Stomatal behavior of trees in high and low floodplain in the Brazilian Amazon
Suellen Cavalcante, Patricia Chaves de Oliveira
The seasonal flood pulse characteristic of Amazonian floodplains (várzeas) has direct effects on vegetation, influencing the physiological aspects of the species, such as stomatal conductance (gs). This study aimed to analyze the ecophysiological behavior regarding the stomatal conductance (gs) aspect of seven native plant species of Amazonian floodplain ecosystem in two distinct seasons (rainy and dry season) and in two topographic environments (high and low floodplain). The gs readings performed on healthy leaves with the aid of an AP4 Porometer at three different times throughout the day.
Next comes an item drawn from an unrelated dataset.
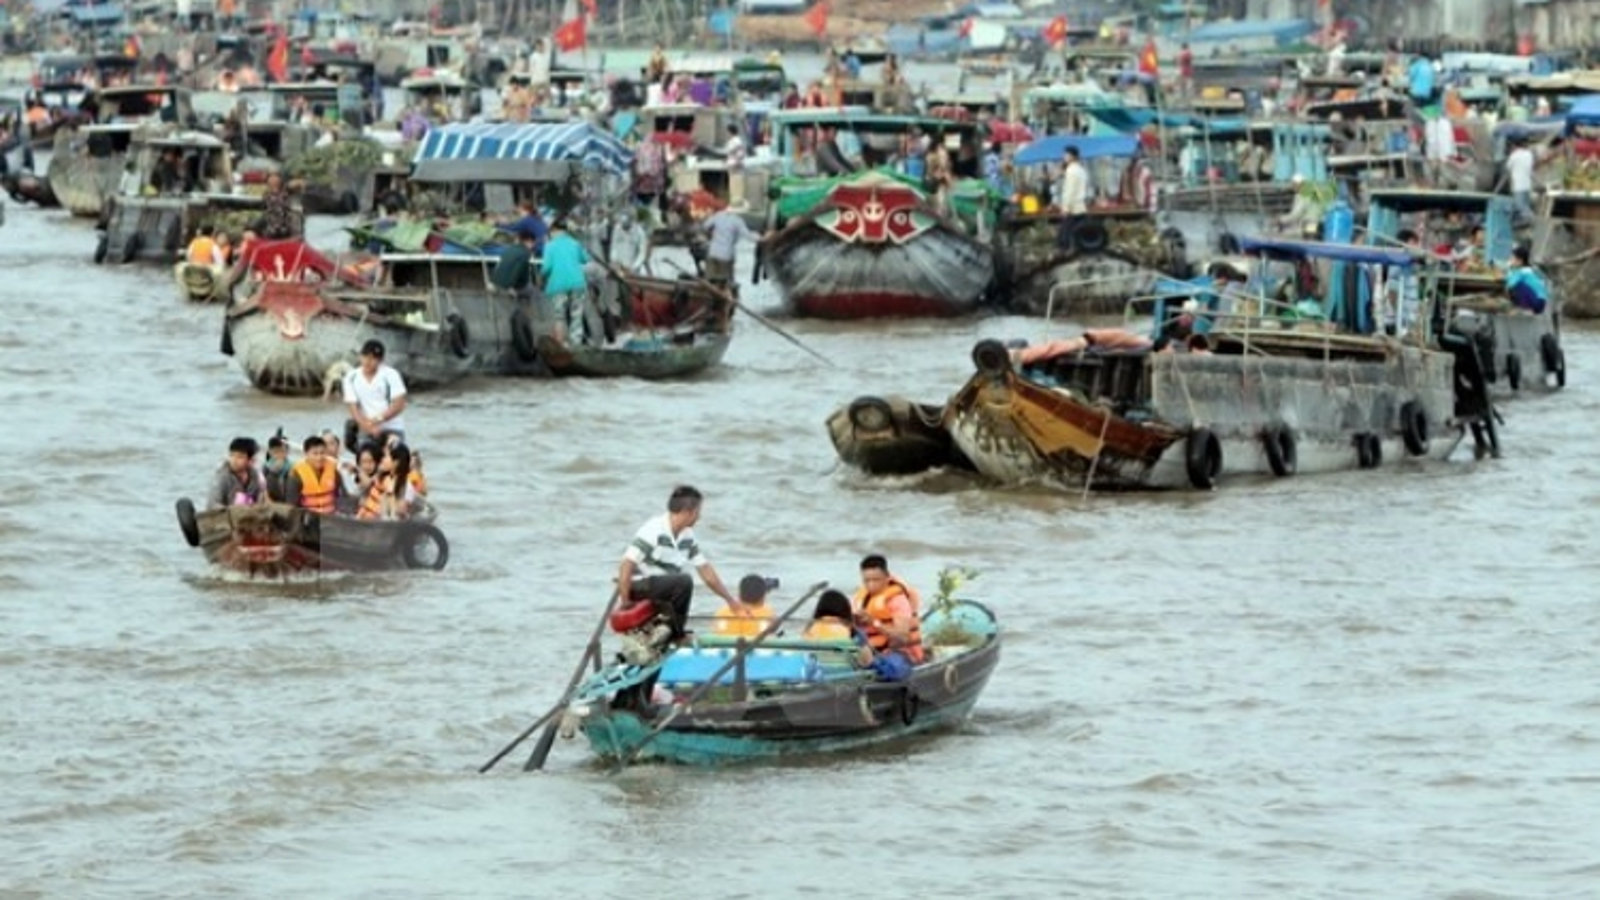 Hanoi cultural week features Cai Rang floating market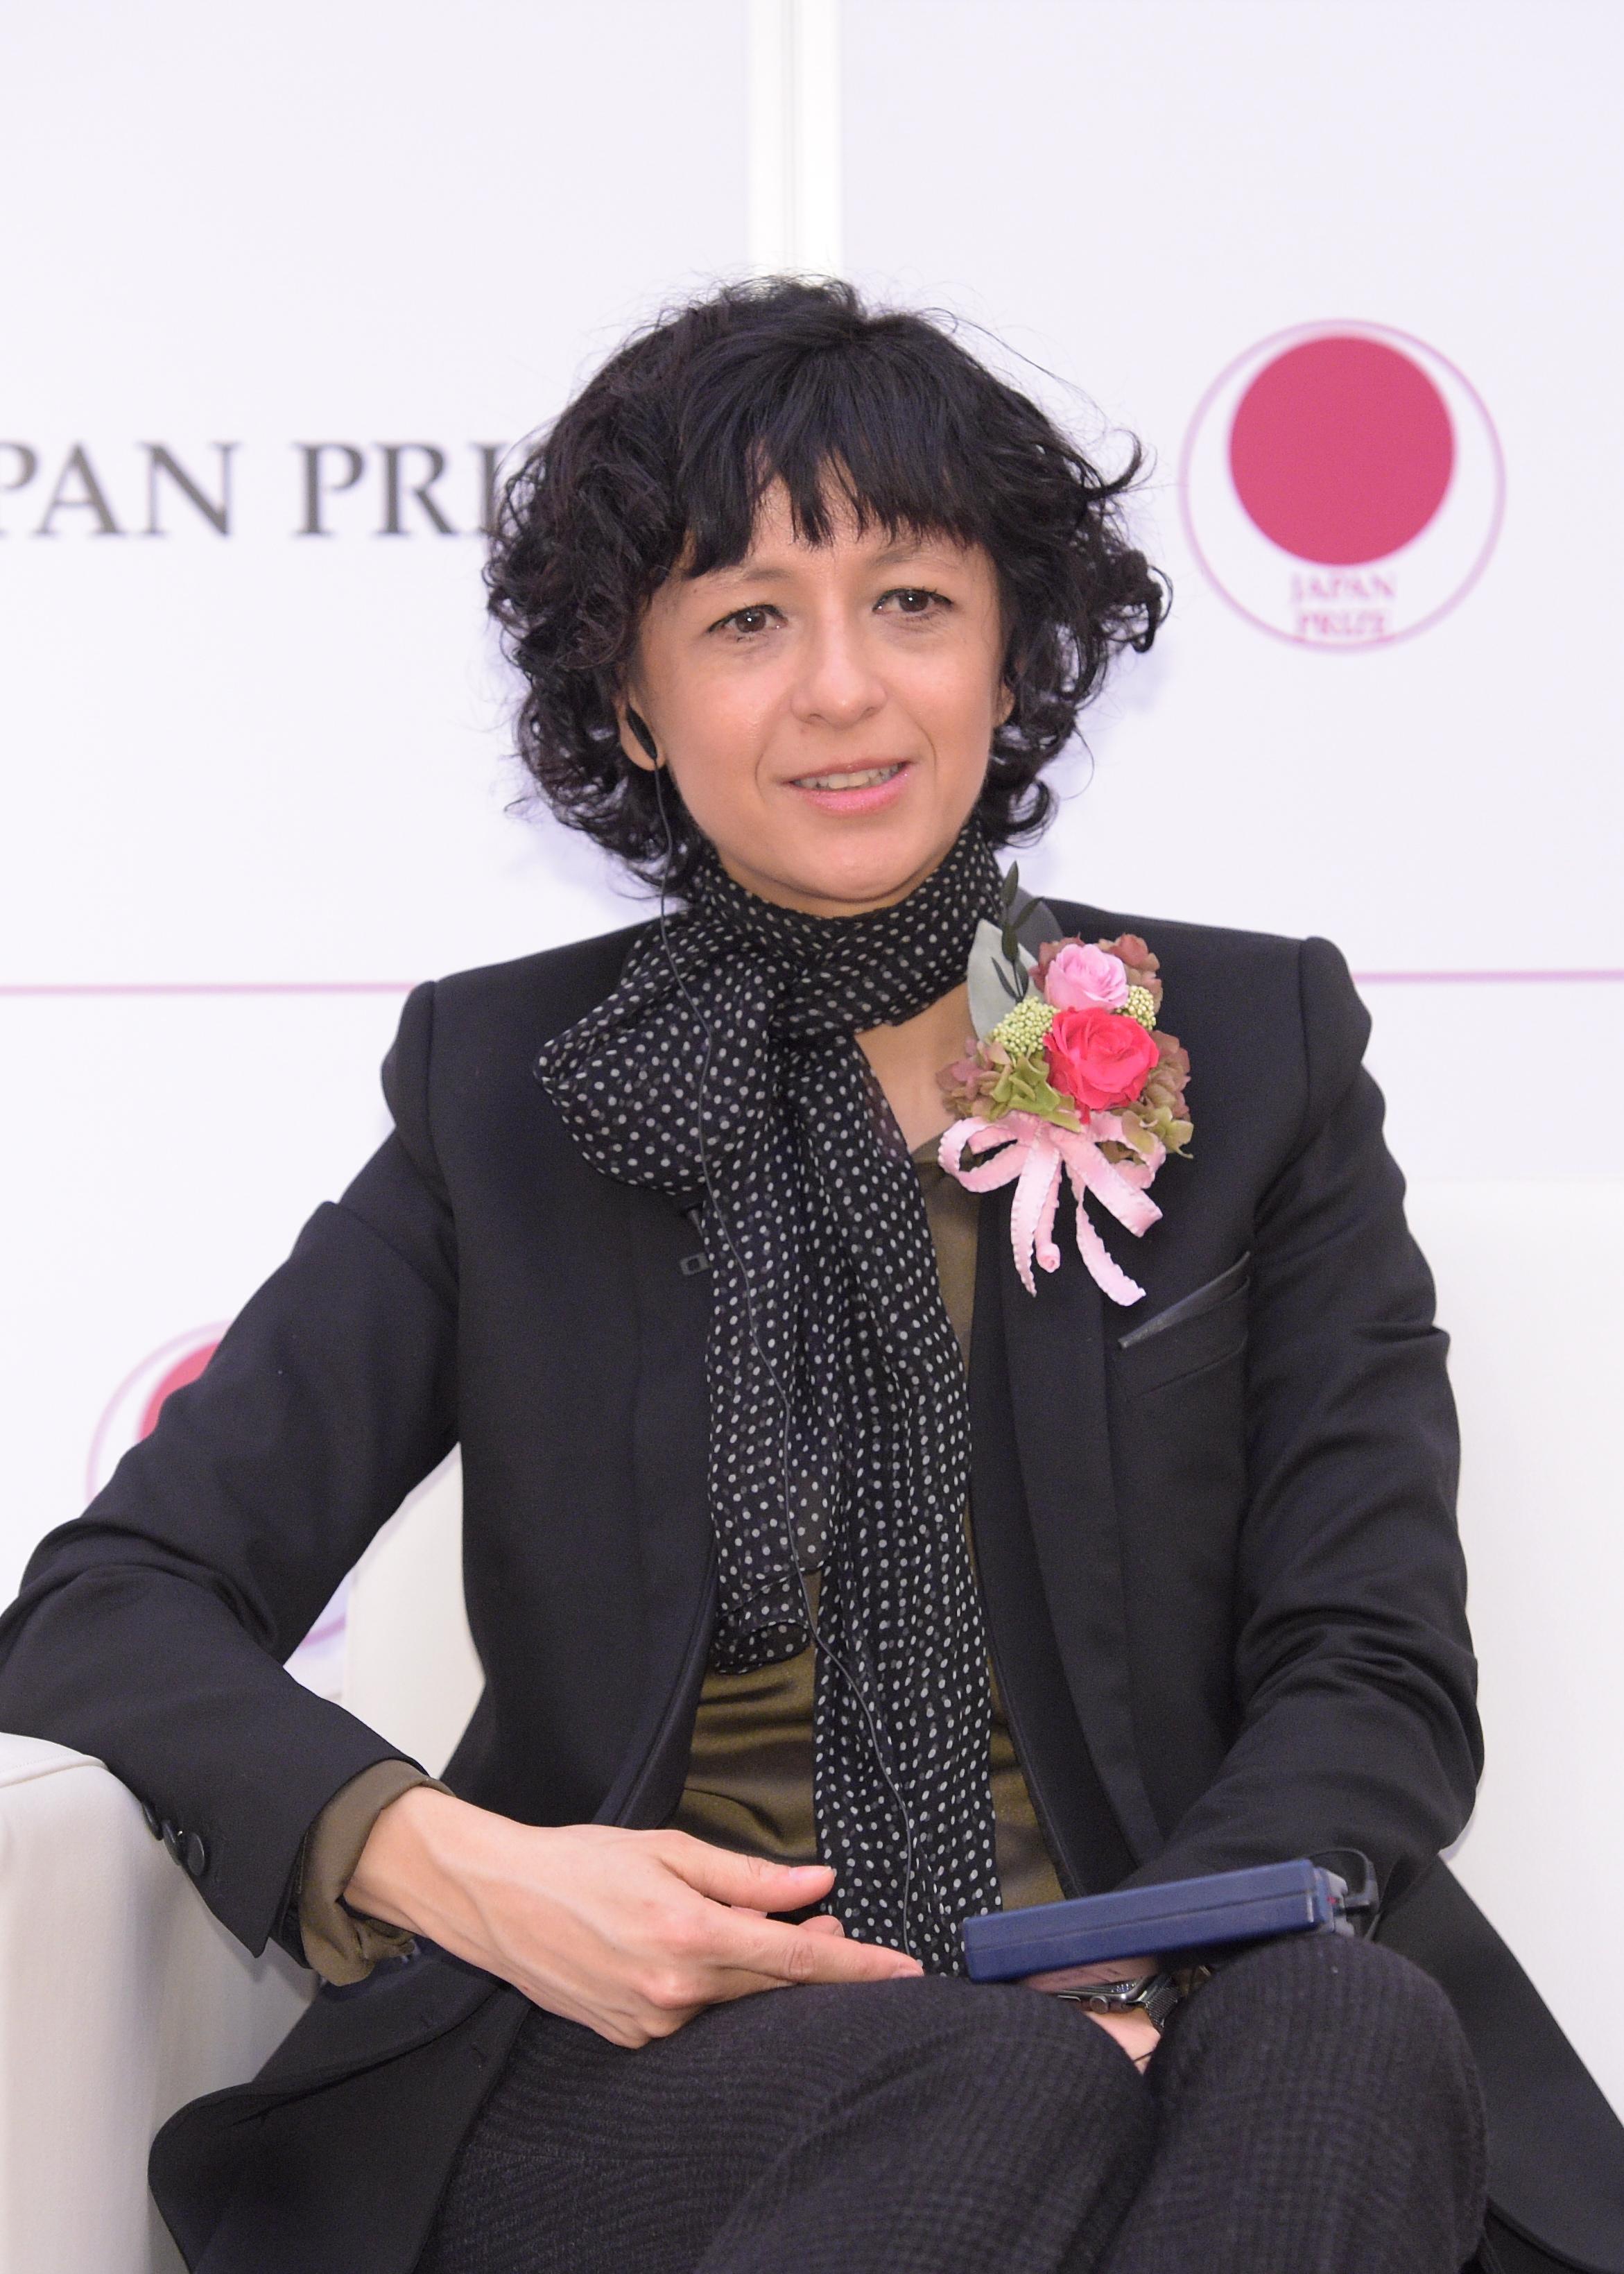 The Japan Prize Foundation

The results showed high physiological plasticity in the studied species, where the process of water regulation by the leaf stomata exhibits a distinct behavior between the dry and rainy periods. It was more homogeneous during the dry period, where there was a reduction in gas rates. N. macrophylla was the most tolerant species to water deficit of the dry period and S. reticulata the most sensitive. The most tolerant species to flooding was C. tapia and the most sensitive G. brasiliensis. These results suggest different ecophysiological behaviors of native Amazonian floodplain species, suggesting different management practices in the face of local and global climate change.